Radial density profiles (nm) corresponding to the optimal genome length for a T = 4 virus. (A) For np = 240, Np = 36, cp = 0.167, and ccap = 0.0 (solid), we double the charge by changing one of the following: Np = 72 (dot-dashed), cp = 0.33 (dotted), and ccap = 0.177 (dashed). (B) For Np = 36 and cp = 0.083, we increase the capsid charge density: ccap = 0.00 (solid), 0.05 (dotted), 0.10 (dashed). (C) For ccap = 0.10 without protein arms (solid), with neutral protein arms Np = 36 (dotted), and with charged protein arms Np = 36, cp = 0.083 (dashed).

We next consider the effect of negatively charged macromolecules outside the viral capsid and set ρ- = 100 mM, c+ = 130 mM, and c- = 30 mM (20). As usual, the small ions, which can diffuse freely, maintain charge neutrality subject to equality of chemical potential for each of the small ion species across the viral capsid. This combination of charge neutrality with equality of chemical potential gives rise to a negative electrostatic potential (relative to a neutral monovalent salt solution) that makes it favorable for an RNA molecule to be inside the viral capsid.
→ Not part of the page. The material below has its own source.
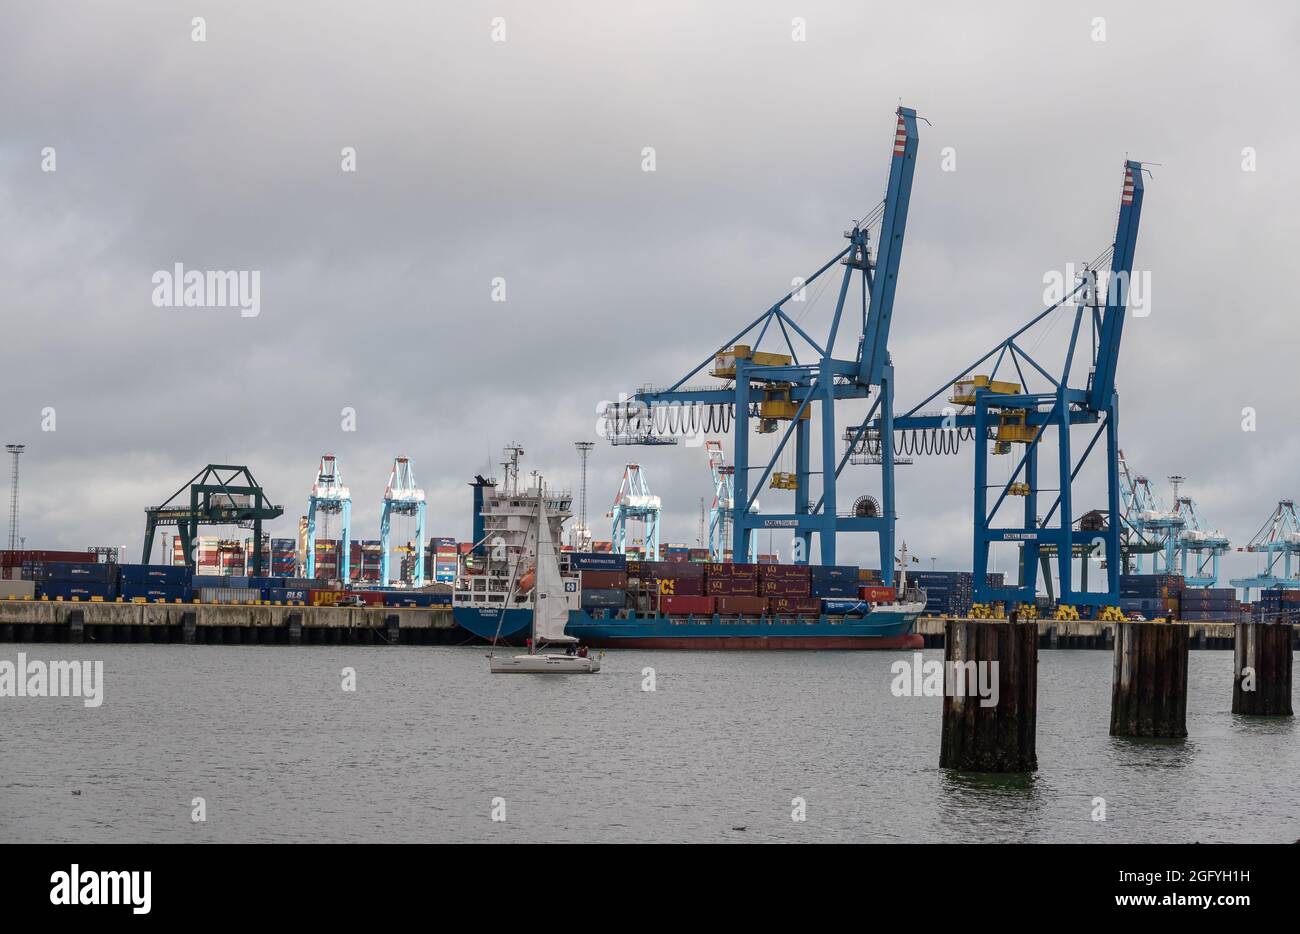 Zeebrugge Port, Belgium - August 6, 2021: White sailing yachts passes in front of container terminal tall blue cranes and ship, as it heads to the yac Stock Photo

The optimal genome length occurs when the potential inside the capsid becomes comparable to this Donnan potential. In Fig. 3 (empty markers), we show that increasing rcap at constant grafting density now has the greatest effect on increasing the optimal genome length, where k8 = 1.69. In contrast, the optimal genome lengths for changing Np, cp, or ccap have primarily shifted by a constant, while the slopes ΔQRQP remain largely unchanged. These observations can be explained from the density profiles in Fig. 4B, where we note that accounting for the negative background charge fills the capsid interior with RNA. When we increase ccap, the concentrated density of RNA near the surface increases (as is the case when ρ- = 0 mM), while the density in the interior remains unchanged. We note that it is possible to increase QR simply by increasing the volume of the capsid so that even negative slopes can be obtained, e.g., by increasing rcap while decreasing QP.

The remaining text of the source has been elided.